Over the decades that followed, Detroit’s Big Three did make multiple attempts to revive the sedan delivery. And while the retro-styled wagons of the late 90s/early 2000s briefly bringing these vehicles back on the radar (think: Chevrolet HHR panel model), people will mostly remember the said golden decade of sedan deliveries.
The 2007 Dodge Magnum “Mopar Express” is a Pro Street drag racer (think: still road-legal)
From a distance, this slice of America might pass as yet another Magnum with funny-looking windows. And while getting close to the machine reveals the two-door wagon conversion, the OEM-like appearance of the build might convince an untrained eye that the body is a factory effort.
There’s a subtle widebody—even less extroverted than the factory Widebody of the Charger Hellcat—while the whole thing is covered in Tangerine paint.
However, the supercharger protruding through the hood is just the tip of the iceberg. Sure, that blower is linked to a Gen III HEMI (the current iteration of the V8) that’s been bored and stroked to 572 ci (9.4 liters). But perhaps the most dramatic change comes from the Pro Street chassis, which features a tubbed rear end.
This means the inner wheel wells have been extended inboard to allow uber-wide wheels and tires to be fitted, so that big, blown V8 can put its power down, whether at the drag strip or on the road.

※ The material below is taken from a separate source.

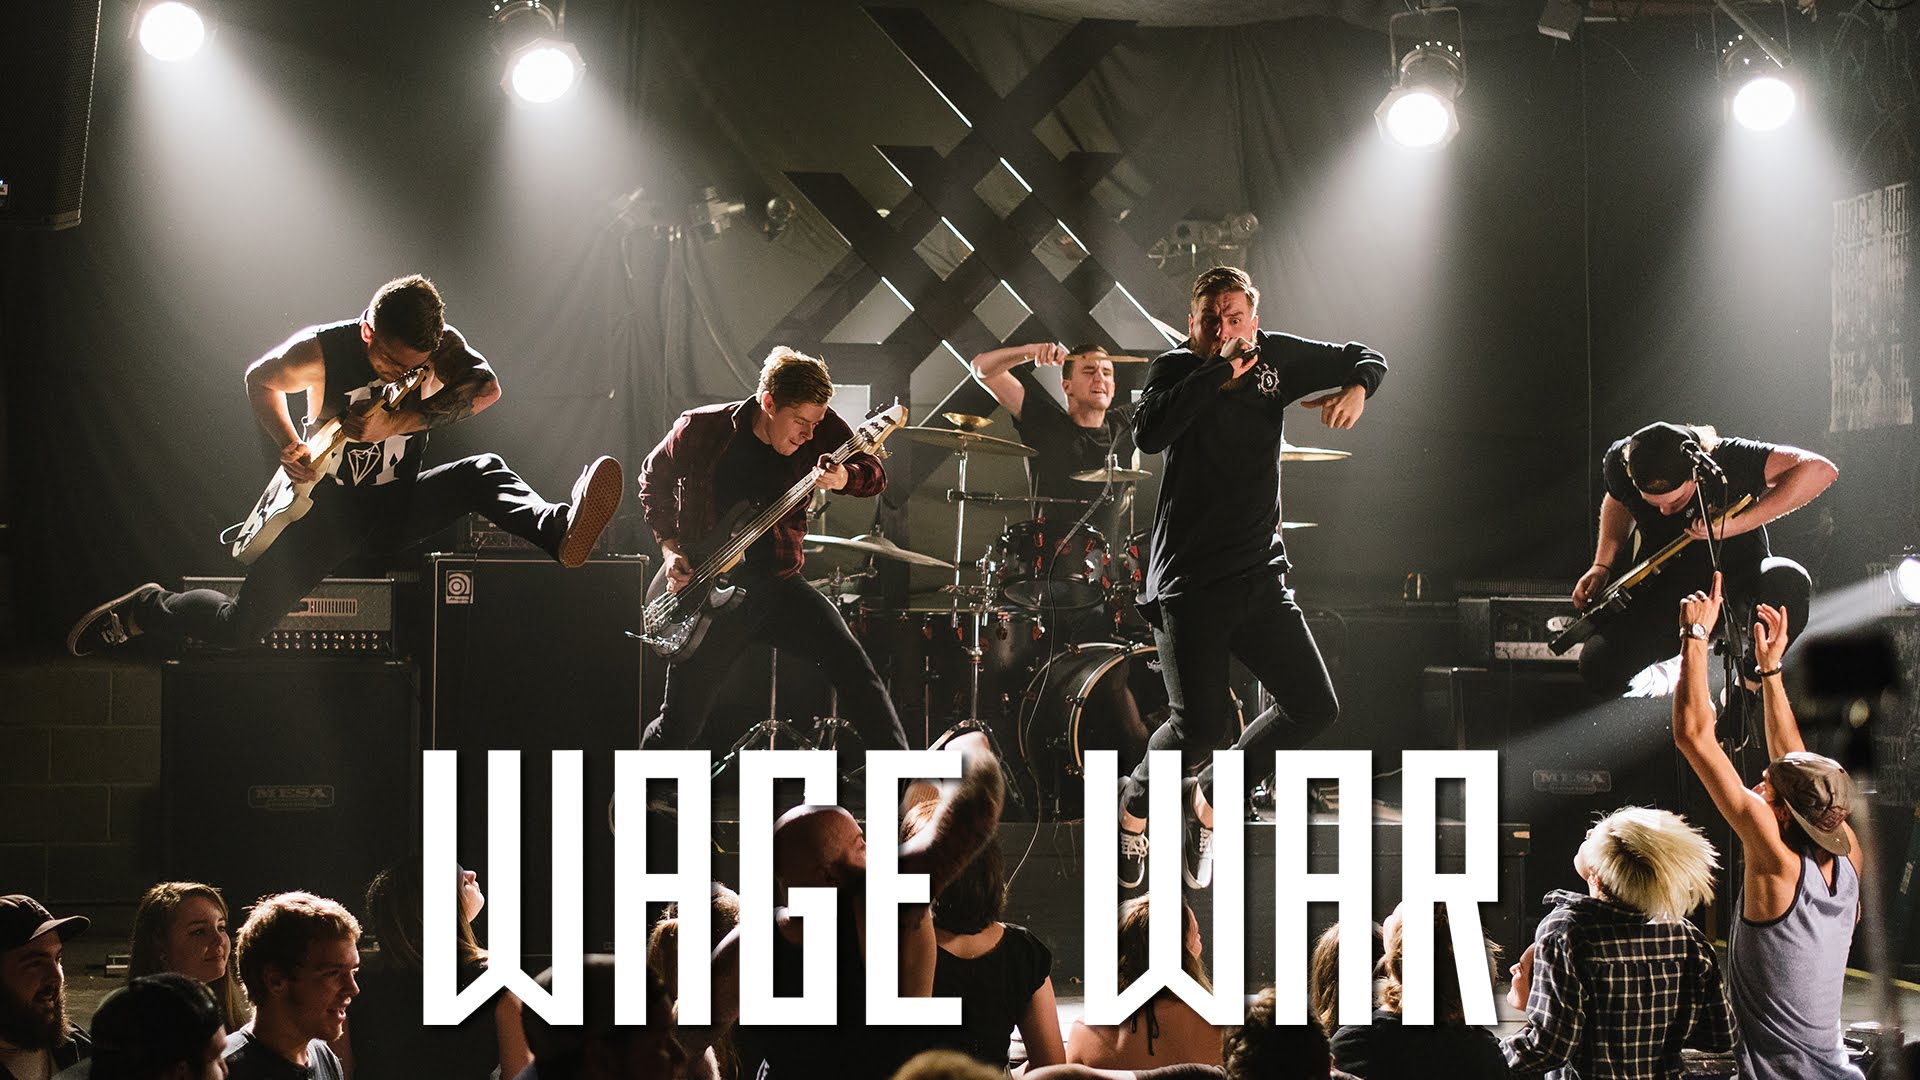 Wage War Wallpapers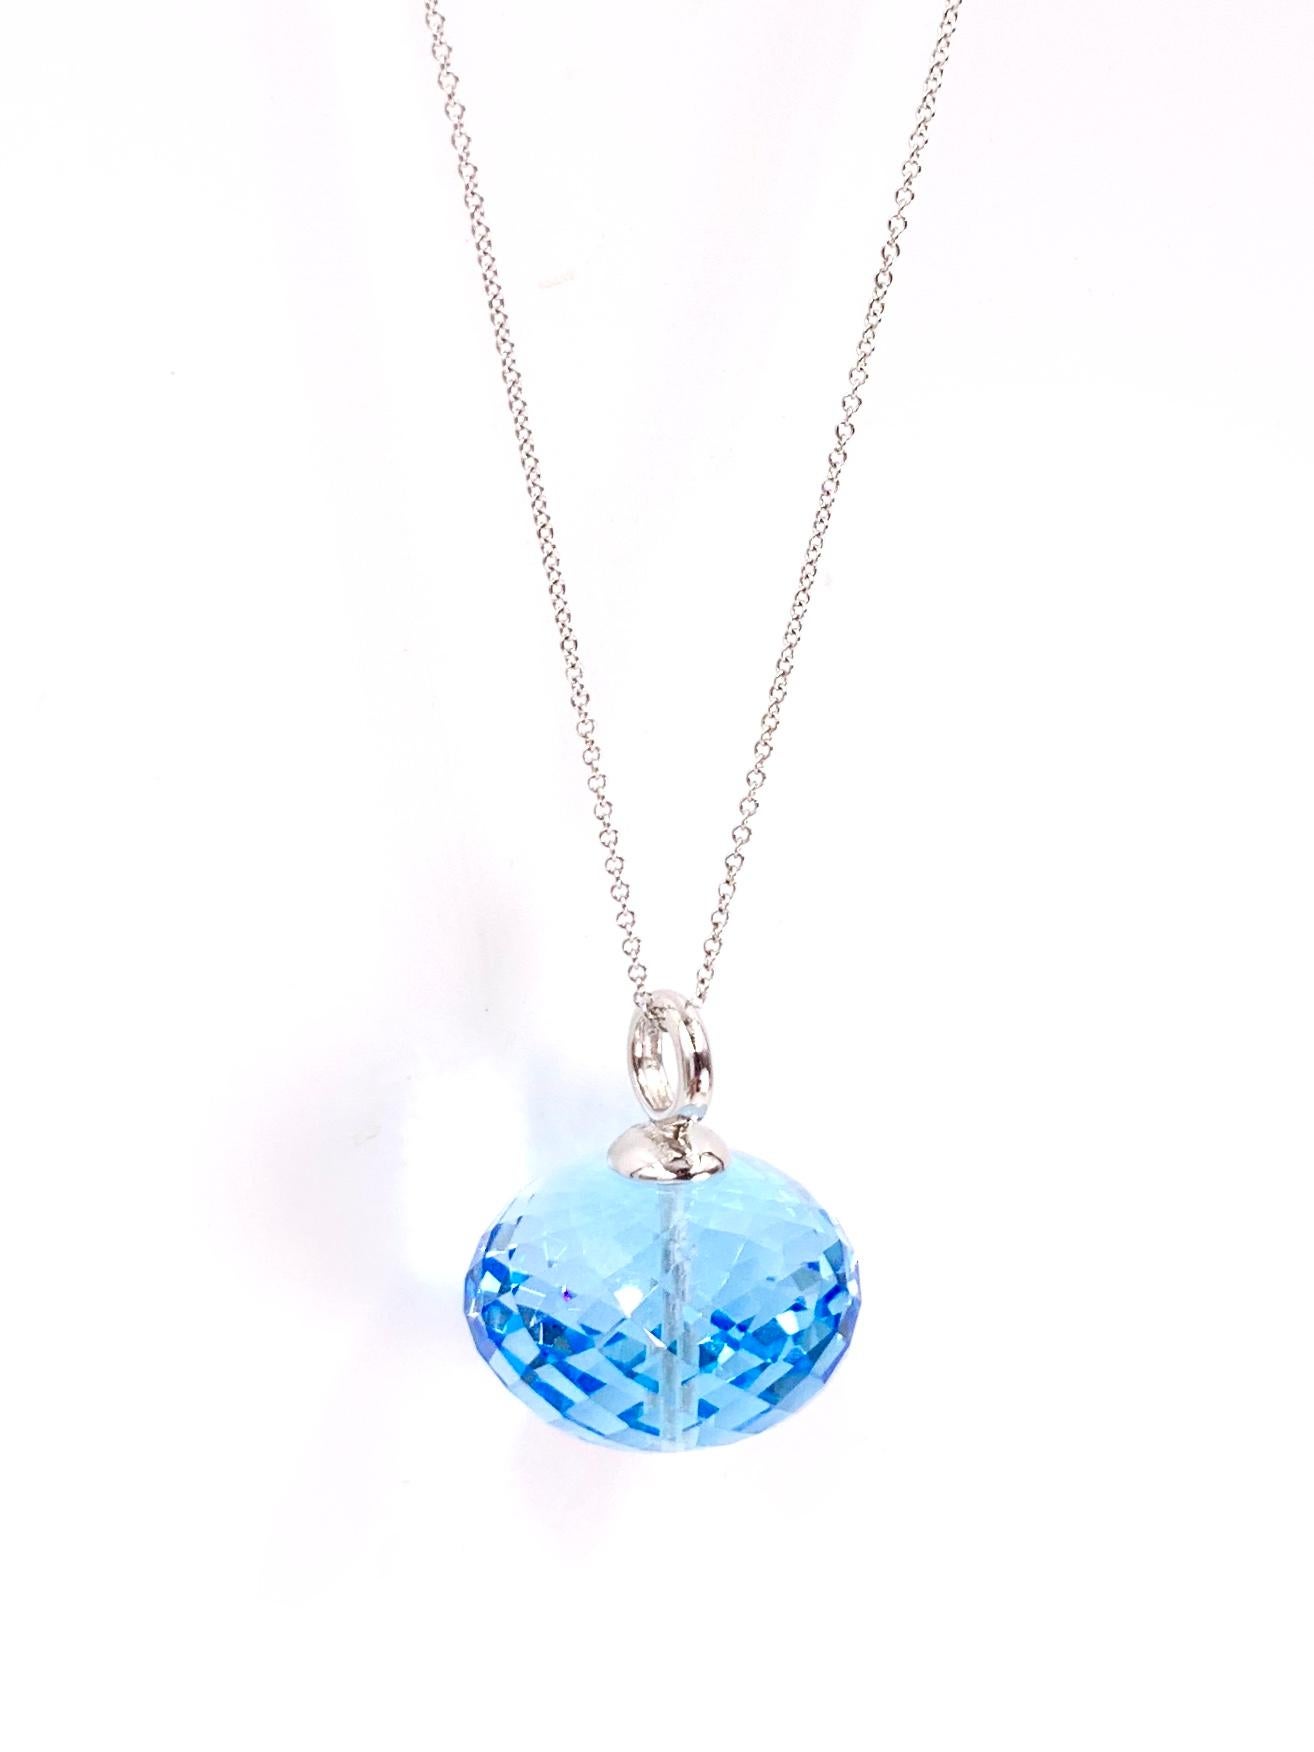 Exclusively by fine fashion jewelry designer, Goshwara. From the uniquely beautiful 'Beyond' collection is a stunning 18mm x 12mm faceted blue topaz pendant on a delicate 18 karat white gold 16

The cabin only seems to pack two seats, while a six-point roll cage is there in case the said meaty tires aren’t enough. Behind the seats and the cage, we also find a fuel cell.
As shown in the video below, which takes us to the Detroit Autorama show floor courtesy of YouTuber ScottieDTV, the vehicle was designed by Michigan-based Pfaff Designs. The owner, Tom Szott, who is part of a family running a dealership network in the state, used his operation to apply the eye-catching paint of the Mopar Express.
Our favorite part of the build—past the obvious sedan delivery look—has to be the stable mix between the modern look of the side exhaust and the retro appearance of the custom wheels.